Il retrogusto che provano ha il ripugnante sapore del venerdì santo. Il paesaggio semidesertico che li accompagna accentua ulteriormente lo scoramento. Il loro passo accelerato dalla paura li porta a raggiungere un altro anonimo viandante che pazientemente si sorbisce le lamentele dei due. Li ascolta con attenzione, si dimostra ben disposto nei loro riguardi. Andando si crea un feeling che dà vita ad un conversare sereno ma franco. Lo sconosciuto non si lascia commuovere davanti ai loro piagnistei ma li fulmina con uno "stolti e duri di cuore a credere".
La cosa li coinvolge tanto da spingerli ad insistere perché lo sconosciuto si fermi con loro "perché si fa sera e il giorno già volge al declino". Gesù si ferma. Per loro è la fine delle loro paturnie. Non fa prediche, ma ripete gesti noti. Sono gesti gravidi di vita e di speranza che non lasciano spazio alla rassegnazione piagnucolosa.

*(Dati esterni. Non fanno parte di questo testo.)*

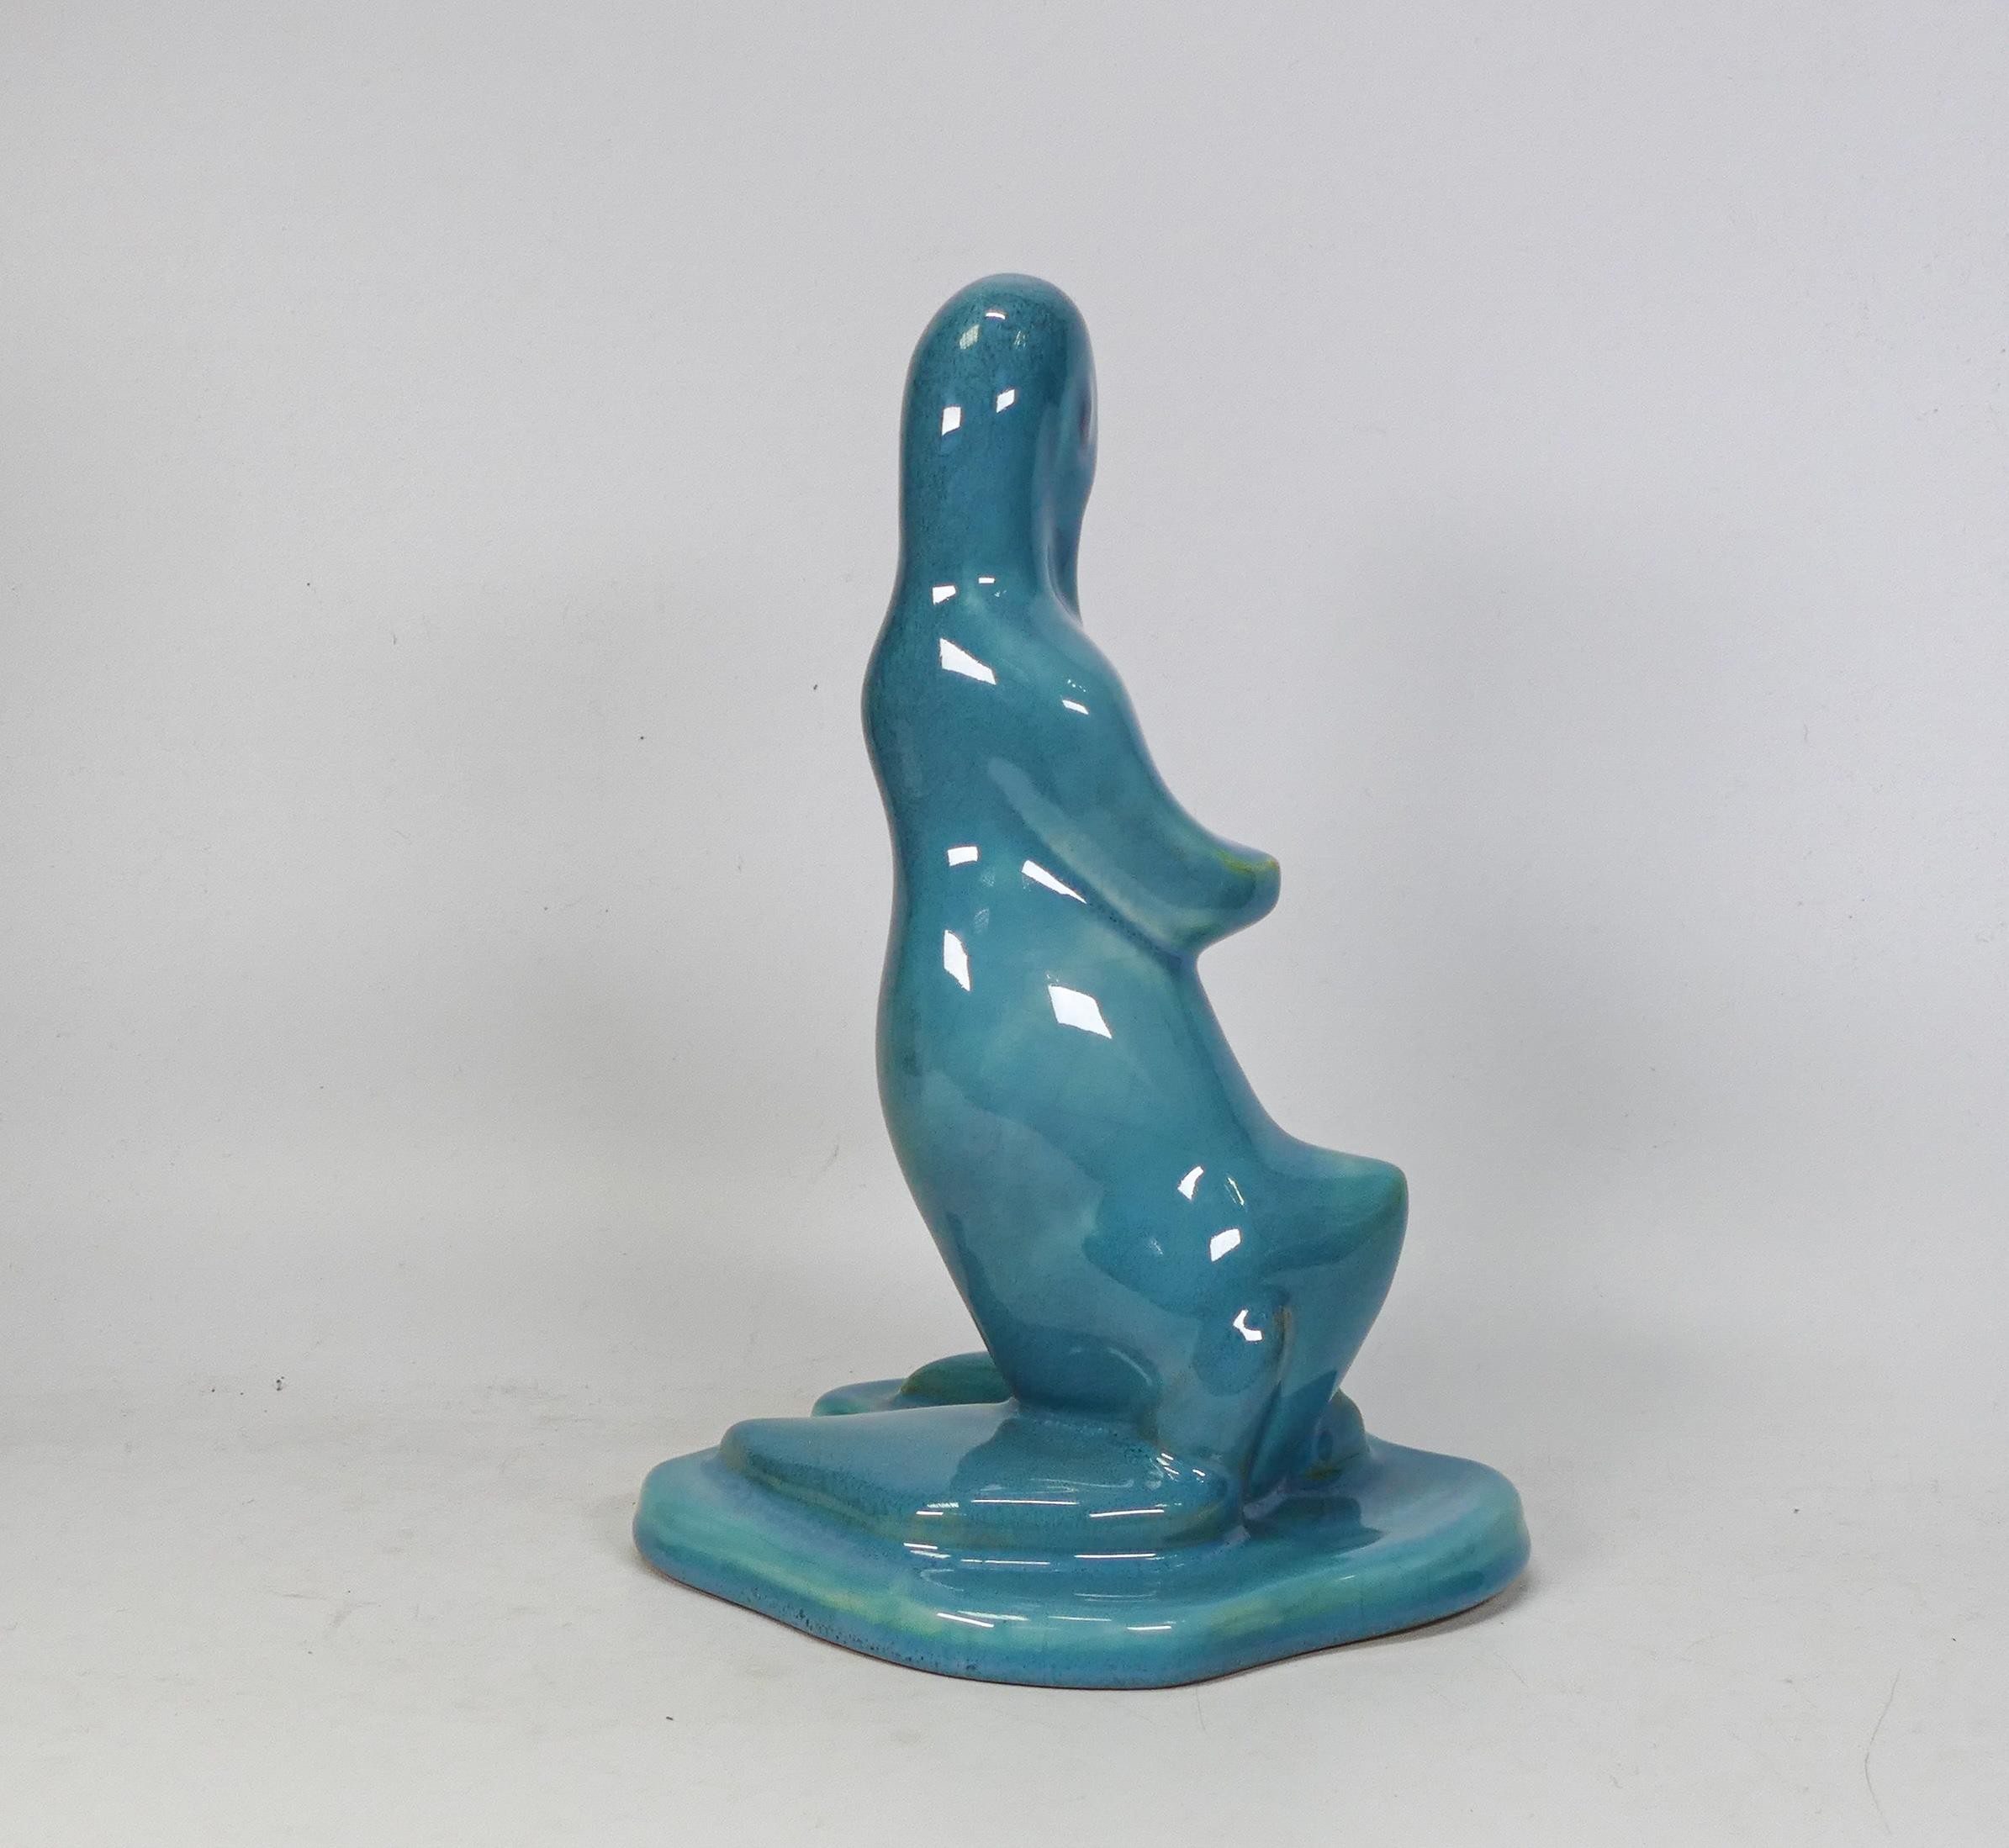 Beswick blue glazed model of a stylised duck on base 317, crazing, height 22cm - Image 2 of 3

Sanno di accoglienza (fu a tavola con loro); hanno il buono e caldo sapore del pane (prese il pane); sono arricchiti dalla preghiera (disse la benedizione); sono solidali e condivisi (lo spezzò e lo diede loro). Questi segni, semplici e naturali, compiono il miracolo di far riaprire gli occhi e di riaccendere la speranza.
I dubbi si sciolgono, le paure svaniscono, le forze ritornano. I due, ormai ex impauriti discepoli, con il cuore che arde ingranano la retromarcia e ripercorrono di corsa il tratto di strada che li separa dal Cenacolo per poter andare a confermare che il loro Gesù non è morto, ma vivo.

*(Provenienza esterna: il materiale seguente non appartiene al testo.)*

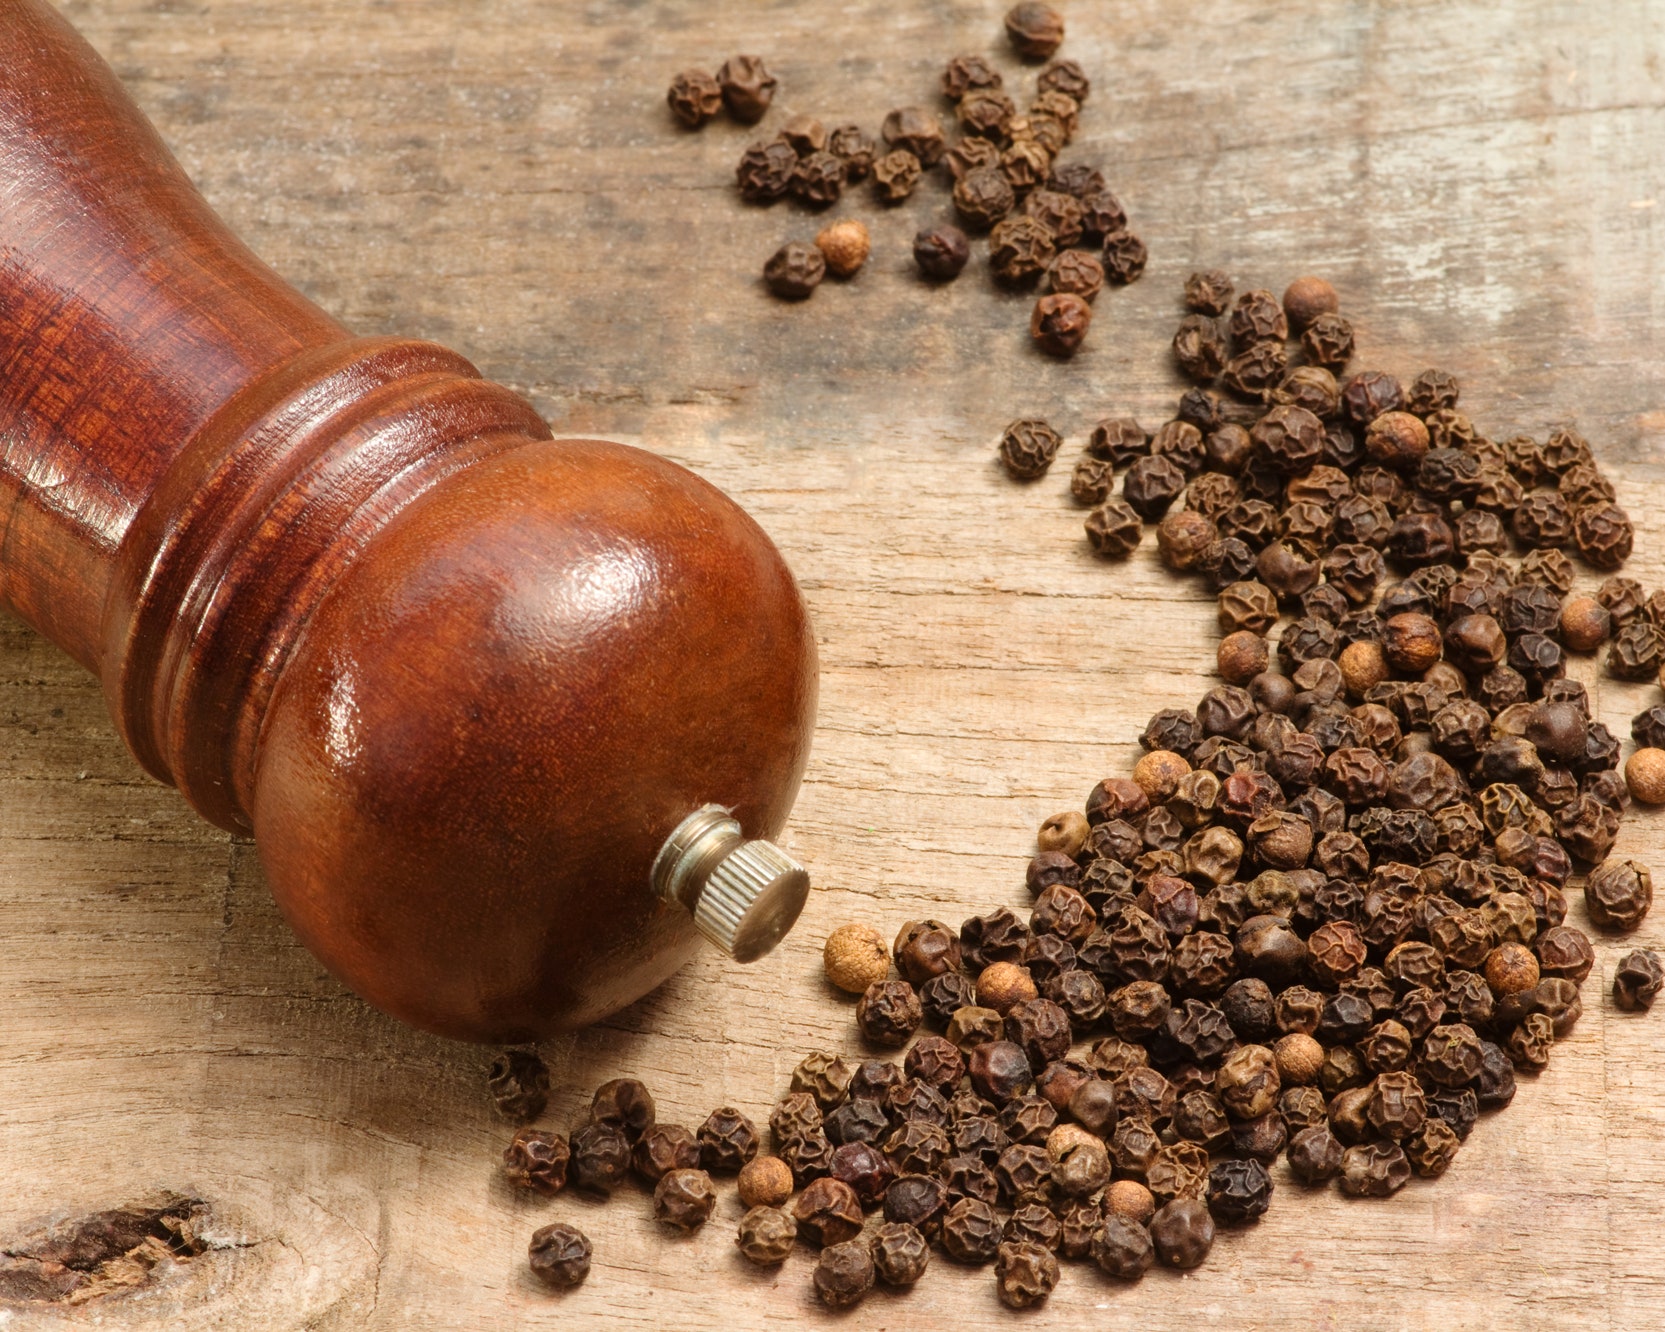 how does a salt grinder help to enhance the flavor of food

La Resurrezione non è un'allucinazione delle donne ma una realtà storica che loro hanno esperimentato personalmente.
La situazione psicologica dei due discepoli di Emmaus è molto simile alla nostra. Seguiamo Gesù, ma siamo inclini alla tristezza esistenziale.
Diciamo di credere in Lui, ma le nostre certezze le cerchiamo tra gli idoli che popolano il mondo di oggi. Le nostre facce portano più i segni della rassegnazione che della resurrezione. A questo dato di fatto cerchiamo di reagire più con la superstizione che con la vera fede.

Pratichiamo più il culto che la carità. Frequentiamo più i santuari, soprattutto quelli più lontani e turistici, che gli ospedali. Preferiamo essere intruppati più nelle processioni che nelle file del volontariato gratuito e solidale. Abbiamo pane, ma non lo condividiamo né spezziamo con il prossimo.
Il nostro cristianesimo è così stanco e prevedibile che non è in grado di scaldare il cuore nemmeno ai nostri figli che, tristi, battono sentieri molto diversi dai nostri. I comandamenti, i precetti della chiesa, gli articoli del diritto canonico (sono 1752!) troppo spesso riescono a trasformare la Risurrezione in un mito, in una favola, più facile da raccontare nelle chiacchiere che da testimoniare nella coerenza della condotta; meno faticoso da celebrare nel culto e nel moralismo che da incarnare in una autentica spiritualità.

Trasciniamo i piedi alla maniera di coloro che sono stanchi e rassegnati; non corriamo come fanno coloro che sono annunciatori di buone notizie che ci spingono a vivere e non limitarci a sopravvivere.